Persist prepared returns as a CSV file.

Parameters:

Name Type Description Default
returns DataFrame

The returns data to save.

required
path Path

The file path to save the CSV to.

required
Source code in src/portfolio_management/analytics/returns/calculator.py
@staticmethod
def export_returns(returns: pd.DataFrame, path: Path) -> None:
    """Persist prepared returns as a CSV file.

    Args:
        returns (pd.DataFrame): The returns data to save.
        path (Path): The file path to save the CSV to.

    """
    returns.to_csv(path)

ReturnConfig dataclass

Configuration for return preparation.

This dataclass holds all settings related to the calculation and cleaning of asset returns. It provides a centralized place to define the behavior of the ReturnCalculator.

Attributes:

Name Type Description
method str

The method for calculating returns. Options: 'simple', 'log', 'excess'. Defaults to 'simple'.

frequency str

The target frequency for the returns. Options: 'daily', 'weekly', 'monthly'. Defaults to 'daily'.

risk_free_rate float

The annualized risk-free rate to use when method is 'excess'. Defaults to 0.0.

handle_missing str

The strategy for handling missing price data. Options: 'forward_fill', 'drop', 'interpolate'. Defaults to 'forward_fill'.

max_forward_fill_days int

The maximum number of consecutive days to forward-fill missing data. Defaults to 5.

min_periods int

The minimum number of price observations required for an asset to be included. Defaults to 2.

align_method str

The method for aligning dates across assets. Options: 'outer' (union of dates), 'inner' (intersection of dates). Defaults to 'outer'.
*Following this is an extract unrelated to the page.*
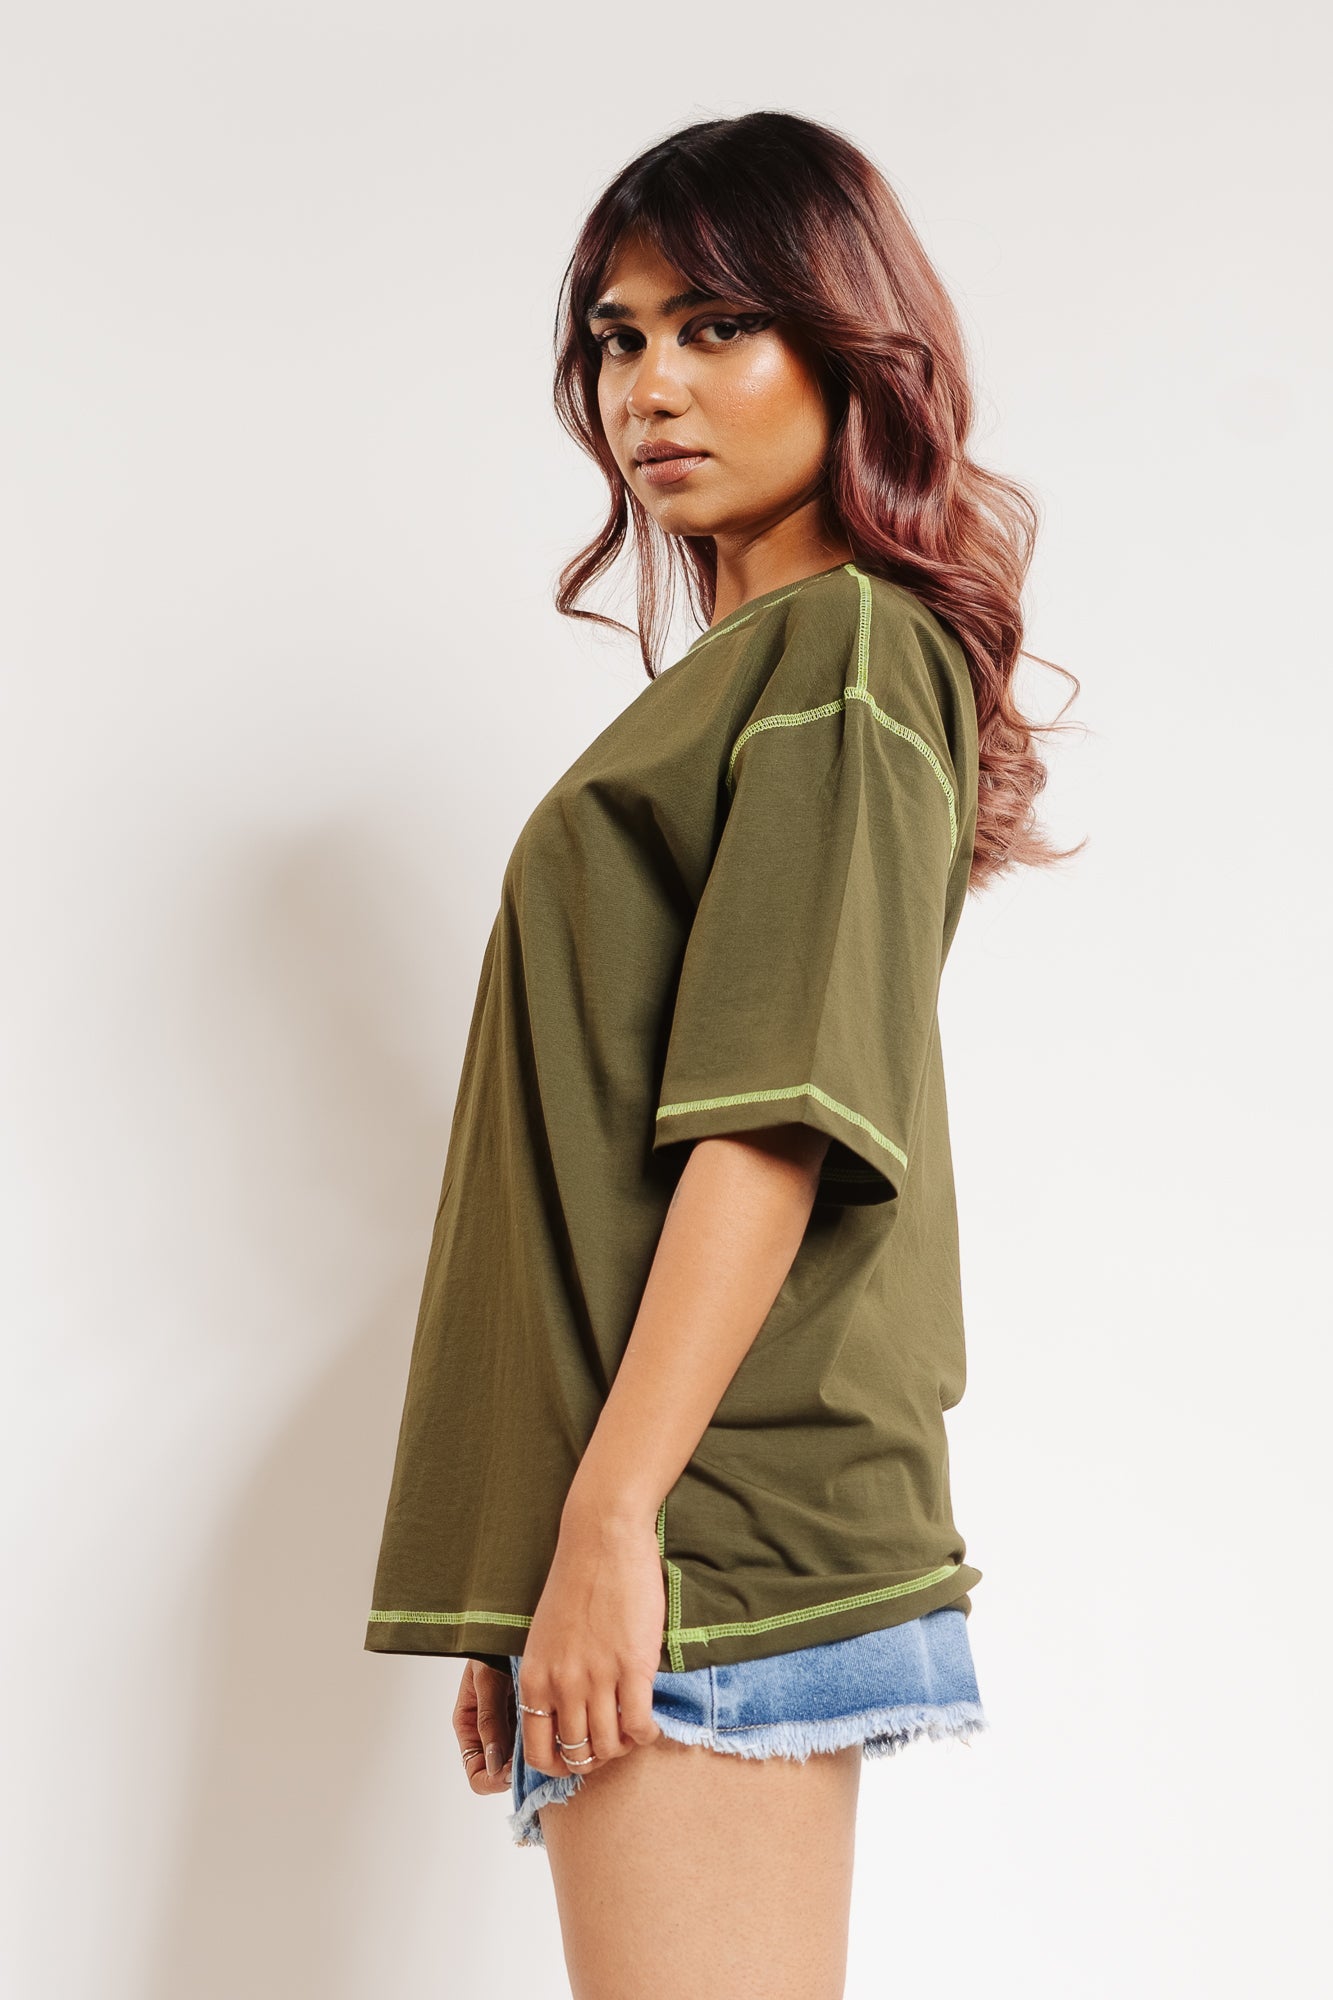 OLIVE TOPSTITCHED OVERSIZED TEES

reindex_to_business_days bool

Whether to reindex the final returns to a standard business day calendar. Defaults to False.

min_coverage float

The minimum proportion of non-NaN returns an asset must have to be kept after processing. Defaults to 0.8.

Example

Create a config for weekly log returns, requiring at least 1 year of data

config = ReturnConfig( ... method="log", ... frequency="weekly", ... min_periods=52, ... handle_missing="interpolate", ... max_forward_fill_days=3, ... min_coverage=0.95 ... ) config.validate() # Raises ValueError on invalid settings

Source code in src/portfolio_management/analytics/returns/config.py
@dataclass
class ReturnConfig:
    """Configuration for return preparation.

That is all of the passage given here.